一、下载TPCH生成工具
官方网址:http://www.tpc.org/tpc_documents_current_versions/current_specifications.asp
本文中安装的是:
TPC-H 2.17.1 pdf Download TPCH_Tools.zip
可通过wget、curl来获取安装包。
【注】获取包地址,需要填写Email信息进行申请,无伤大雅,照做。请确保,您的邮箱可以收到自动发送的包含连接地址的邮件,
这个地址才是真正的下载地址。
二、安装TPCH生成工具
下载完成后,您可能看到这样的文件:
c81a6b51-9f9c-4a5b-8979-9bf85688767b-tpc-h-tool.zip
unzip c81a6b51-9f9c-4a5b-8979-9bf85688767b-tpc-h-tool.zip
第一个,无用,忽略之。进入第二个。
[root@node20 tpch_2_17_0]# cd dbgen/
[root@node20 dbgen]# ls
answers bm_utils.c build.o dbgen driver.o dsstypes.h makefile permute.o qgen queries rnd.c rng64.h speed_seed.o tpcd.h update_release.sh
bcd2.c bm_utils.o check_answers dbgen.dsp dss.ddl HISTORY makefile.suite PORTING.NOTES qgen.c README rnd.h rng64.o tests tpch.dsw variants
bcd2.h BUGS column_split.sh dists.dss dss.h load_stub.c permute.c print.c qgen.o reference rnd.o shared.h text.c tpch.sln varsub.c
bcd2.o build.c config.h driver.c dss.ri load_stub.o permute.h print.o qgen.vcproj release.h rng64.c speed_seed.c text.o tpch.vcproj varsub.o
[root@node20 dbgen]# ./dbgen -help
你会看到相应的参数信息。详情,自己看。
三、生成指定的数据库文件
1. 编辑Makefile文件,具体的参数配置可参考如下示例。
[root@node20 dbgen]# cp makefile.suite makefile
[root@node20 dbgen]# vim makefile
CC = gcc
DATABASE= SQLSERVER
MACHINE = LINUX
WORKLOAD = TPCH
CFLAGS = -g -DDBNAME=\"dss\" -D$(MACHINE) -D$(DATABASE) -D$(WORKLOAD) -DRNG_TEST -D_FILE_OFFSET_BITS=64
LDFLAGS = -O
执行make。
2.执行dbgen,生成orders数据表,大小为5G。
[root@node20 dbgen]# ./dbgen -vf -s 5 -T O
TPC-H Population Generator (Version 2.17.0)

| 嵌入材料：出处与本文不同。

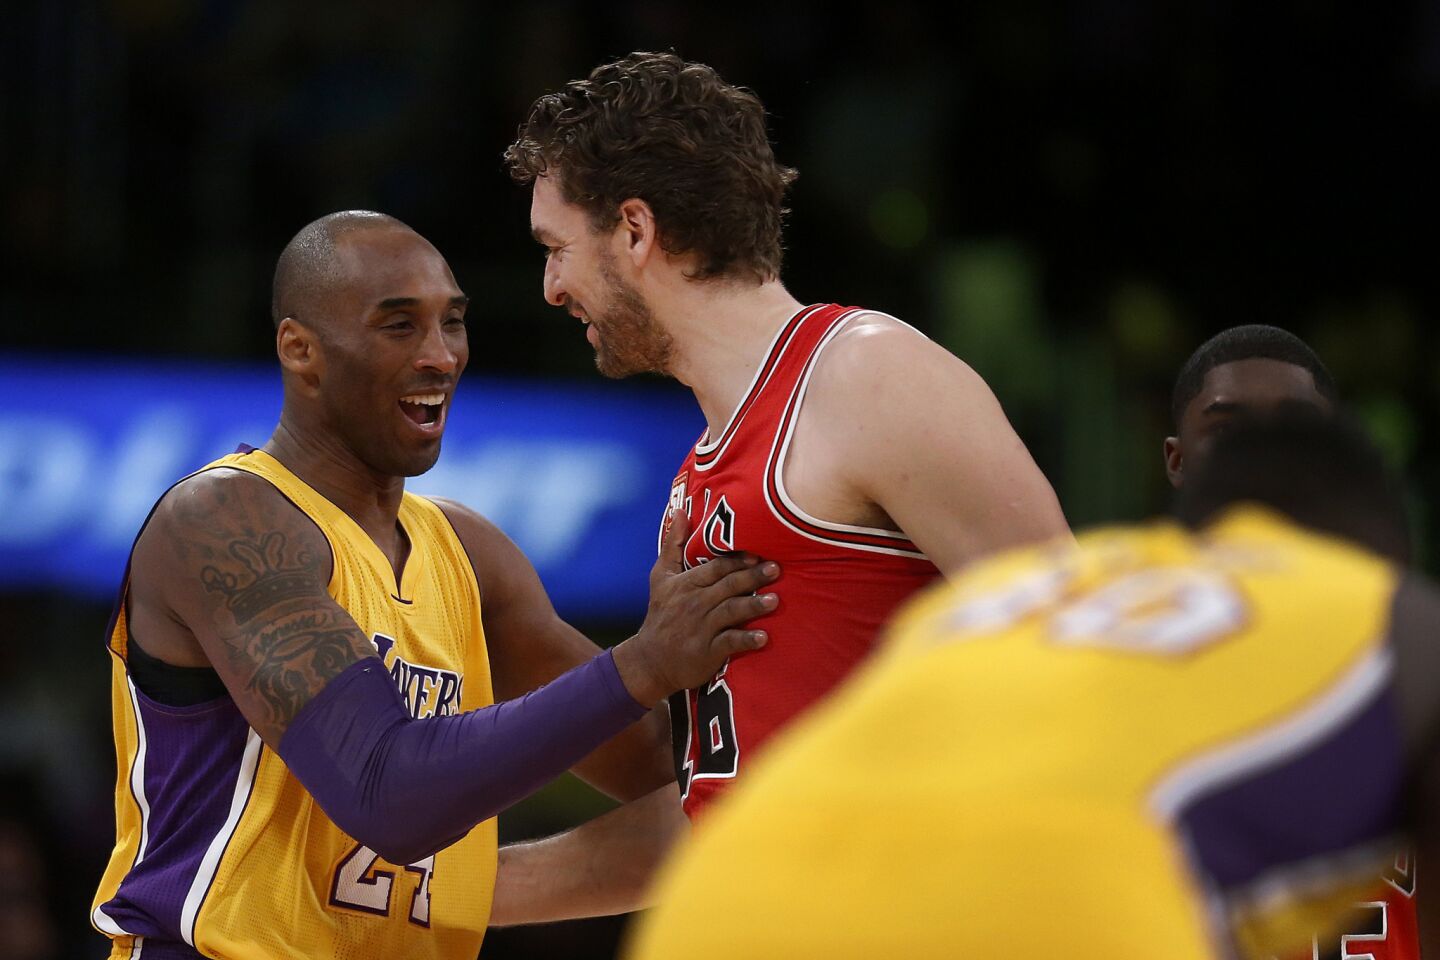 Lakers star Kobe Bryant greets former teammate Pau Gasol before the game against the Bulls.
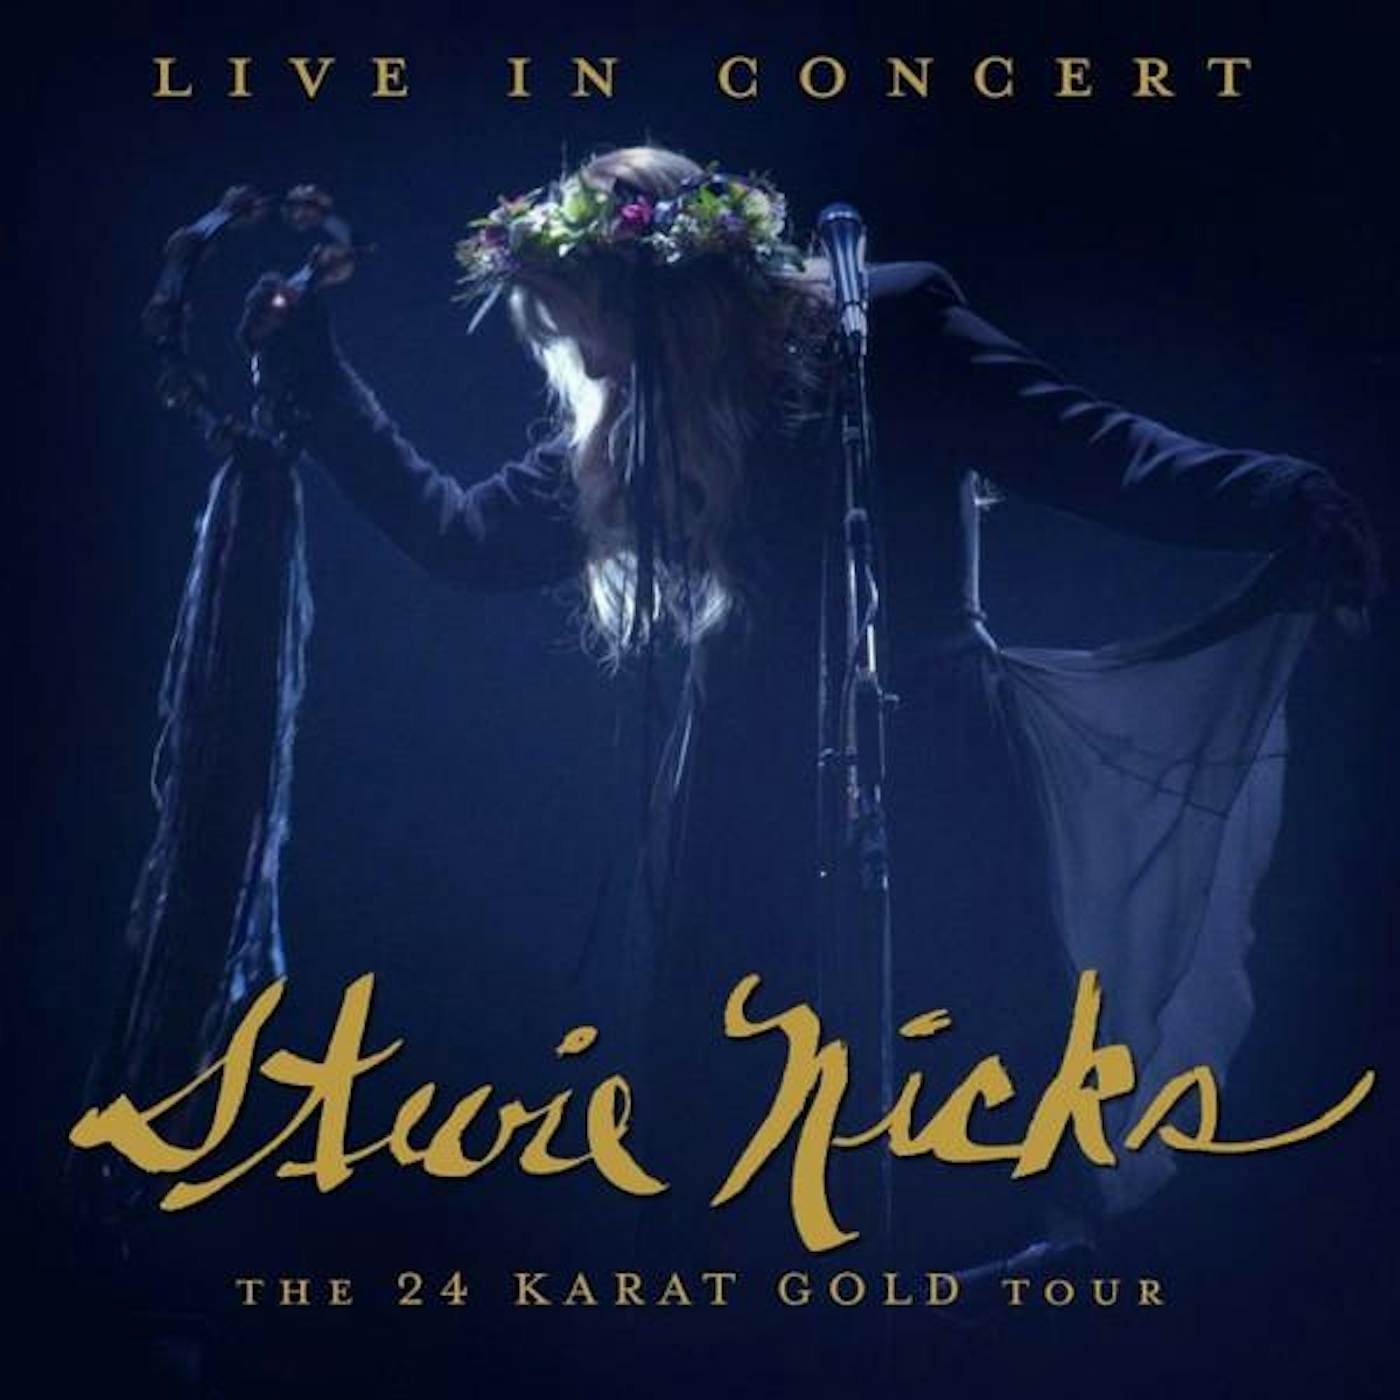 Stevie Nicks LIVE IN CONCERT THE 24 KARAT GOLD TOUR CD

Copyright Transaction Processing Performance Council 1994 - 2010
Generating data for order table/
Preloading text ... 100%
done.
[root@node20 dbgen]# ls -lh *.tbl
-rw-r--r-- 1 root root 830M May 11 14:01 orders.tbl
实际上就是,将tpch-tool生成的
*.tbl
文件加载到hadoop系统中,然后,通过impala-shell来创建相应的表。
1.clone脚本工程,用于自动完成加载工作。
参考网址:https://github.com/kj-ki/tpc-h-impala
2.将利用TPCH工具生成的数据表文件,移动到该工程目录的data/文件夹下。
[root@node20 data]# mv ../../../tpch_2_17_0/dbgen/*.tbl ./
[root@node20 data]# ls
lineitem.tbl orders.tbl tpch_prepare_data.sh
3.加载数据到Hadoop系统中。
[root@node20 data]# ./tpch_prepare_data.sh
mkdir: `/tpch': File exists
mkdir: `/tpch/customer': File exists
mkdir: `/tpch/lineitem': File exists
mkdir: `/tpch/nation': File exists
mkdir: `/tpch/orders': File exists
mkdir: `/tpch/part': File exists
mkdir: `/tpch/partsupp': File exists
mkdir: `/tpch/region': File exists
mkdir: `/tpch/supplier': File exists
copyFromLocal: `customer.tbl': No such file or directory
copyFromLocal: `/tpch/lineitem/lineitem.tbl': File exists
copyFromLocal: `nation.tbl': No such file or directory
copyFromLocal: `part.tbl': No such file or directory
copyFromLocal: `partsupp.tbl': No such file or directory
copyFromLocal: `region.tbl': No such file or directory
copyFromLocal: `supplier.tbl': No such file or directory
查看导入情况:
[root@node20 data]# hadoop fs -ls /tpch
Found 8 items
drwxr-xr-x - root supergroup 0 2016-05-06 12:10 /tpch/customer
drwxr-xr-x - root supergroup 0 2016-05-06 15:42 /tpch/lineitem
drwxr-xr-x - root supergroup 0 2016-05-06 12:10 /tpch/nation
drwxr-xr-x - root supergroup 0 2016-05-11 14:14 /tpch/orders
drwxr-xr-x - root supergroup 0 2016-05-06 12:10 /tpch/part
drwxr-xr-x - root supergroup 0 2016-05-06 12:11 /tpch/partsupp
drwxr-xr-x - root supergroup 0 2016-05-06 12:11 /tpch/region
drwxr-xr-x - root supergroup 0 2016-05-06 12:11 /tpch/supplier
[root@node20 data]# hadoop fs -ls /tpch/orders
Found 1 items
-rw-r--r-- 3 root supergroup 870187306 2016-05-11 14:14 /tpch/orders/orders.tbl
[root@node20 data]# hadoop fs -ls /tpch/lineitem
Found 2 items
drwxr-xr-x - root supergroup 0 2016-05-06 15:42 /tpch/lineitem/lineitem
-rw-r--r-- 3 root supergroup 7775727688 2016-05-06 12:12 /tpch/lineitem/lineitem.tbl
【注】如果你遇到如下异常情况,请确保impala所需的环境变量已经导入。执行source ${IMPALA_HOME}/bin/impala-config.sh
[root@node20 data]# ./tpch_prepare_data.sh
-mkdir: java.net.UnknownHostException: node1.hadoop.com
Usage: hadoop fs [generic options] -mkdir [-p] ...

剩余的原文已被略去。